ASSIGNMENT:
Return the full set of records, matching them character for character.

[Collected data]

::::

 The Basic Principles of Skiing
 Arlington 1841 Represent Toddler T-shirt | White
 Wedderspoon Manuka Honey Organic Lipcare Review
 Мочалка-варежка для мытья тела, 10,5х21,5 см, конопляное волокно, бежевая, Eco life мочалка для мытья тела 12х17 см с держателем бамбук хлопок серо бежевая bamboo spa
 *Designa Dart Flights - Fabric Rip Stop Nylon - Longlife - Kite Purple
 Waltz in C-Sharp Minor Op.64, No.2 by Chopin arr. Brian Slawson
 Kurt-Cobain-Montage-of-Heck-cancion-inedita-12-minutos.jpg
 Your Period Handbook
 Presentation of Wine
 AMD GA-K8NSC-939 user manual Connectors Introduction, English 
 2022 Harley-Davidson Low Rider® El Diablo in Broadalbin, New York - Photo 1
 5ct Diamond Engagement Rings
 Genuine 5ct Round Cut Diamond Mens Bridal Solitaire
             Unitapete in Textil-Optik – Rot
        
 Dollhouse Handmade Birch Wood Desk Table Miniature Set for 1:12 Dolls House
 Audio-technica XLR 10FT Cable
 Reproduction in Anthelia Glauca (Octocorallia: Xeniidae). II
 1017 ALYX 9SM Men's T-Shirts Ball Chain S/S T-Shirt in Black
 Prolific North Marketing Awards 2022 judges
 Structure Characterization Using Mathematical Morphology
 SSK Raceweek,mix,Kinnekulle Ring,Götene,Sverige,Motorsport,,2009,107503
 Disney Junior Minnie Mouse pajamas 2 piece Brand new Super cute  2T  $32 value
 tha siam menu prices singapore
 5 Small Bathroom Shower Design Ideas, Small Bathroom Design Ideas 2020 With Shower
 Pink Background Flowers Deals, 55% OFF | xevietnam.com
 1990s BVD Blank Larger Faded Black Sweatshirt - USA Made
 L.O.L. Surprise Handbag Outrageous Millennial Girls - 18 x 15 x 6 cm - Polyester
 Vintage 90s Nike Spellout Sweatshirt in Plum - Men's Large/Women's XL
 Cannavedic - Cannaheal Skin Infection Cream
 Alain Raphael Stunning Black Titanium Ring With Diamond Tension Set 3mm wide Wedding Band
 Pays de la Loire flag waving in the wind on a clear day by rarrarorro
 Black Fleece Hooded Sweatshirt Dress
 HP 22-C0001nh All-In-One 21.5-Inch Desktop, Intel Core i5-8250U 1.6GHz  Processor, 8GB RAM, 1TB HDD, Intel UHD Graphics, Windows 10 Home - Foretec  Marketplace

::::

EXERCISE OUTPUT:
 The Basic Principles of Skiing
 Arlington 1841 Represent Toddler T-shirt | White
 Wedderspoon Manuka Honey Organic Lipcare Review
 Мочалка-варежка для мытья тела, 10,5х21,5 см, конопляное волокно, бежевая, Eco life мочалка для мытья тела 12х17 см с держателем бамбук хлопок серо бежевая bamboo spa
 *Designa Dart Flights - Fabric Rip Stop Nylon - Longlife - Kite Purple
 Waltz in C-Sharp Minor Op.64, No.2 by Chopin arr. Brian Slawson
 Kurt-Cobain-Montage-of-Heck-cancion-inedita-12-minutos.jpg
 Your Period Handbook
 Presentation of Wine
 AMD GA-K8NSC-939 user manual Connectors Introduction, English 
 2022 Harley-Davidson Low Rider® El Diablo in Broadalbin, New York - Photo 1
 5ct Diamond Engagement Rings
 Genuine 5ct Round Cut Diamond Mens Bridal Solitaire
             Unitapete in Textil-Optik – Rot
        
 Dollhouse Handmade Birch Wood Desk Table Miniature Set for 1:12 Dolls House
 Audio-technica XLR 10FT Cable
 Reproduction in Anthelia Glauca (Octocorallia: Xeniidae). II
 1017 ALYX 9SM Men's T-Shirts Ball Chain S/S T-Shirt in Black
 Prolific North Marketing Awards 2022 judges
 Structure Characterization Using Mathematical Morphology
 SSK Raceweek,mix,Kinnekulle Ring,Götene,Sverige,Motorsport,,2009,107503
 Disney Junior Minnie Mouse pajamas 2 piece Brand new Super cute  2T  $32 value
 tha siam menu prices singapore
 5 Small Bathroom Shower Design Ideas, Small Bathroom Design Ideas 2020 With Shower
 Pink Background Flowers Deals, 55% OFF | xevietnam.com
 1990s BVD Blank Larger Faded Black Sweatshirt - USA Made
 L.O.L. Surprise Handbag Outrageous Millennial Girls - 18 x 15 x 6 cm - Polyester
 Vintage 90s Nike Spellout Sweatshirt in Plum - Men's Large/Women's XL
 Cannavedic - Cannaheal Skin Infection Cream
 Alain Raphael Stunning Black Titanium Ring With Diamond Tension Set 3mm wide Wedding Band
 Pays de la Loire flag waving in the wind on a clear day by rarrarorro
 Black Fleece Hooded Sweatshirt Dress
 HP 22-C0001nh All-In-One 21.5-Inch Desktop, Intel Core i5-8250U 1.6GHz  Processor, 8GB RAM, 1TB HDD, Intel UHD Graphics, Windows 10 Home - Foretec  Marketplace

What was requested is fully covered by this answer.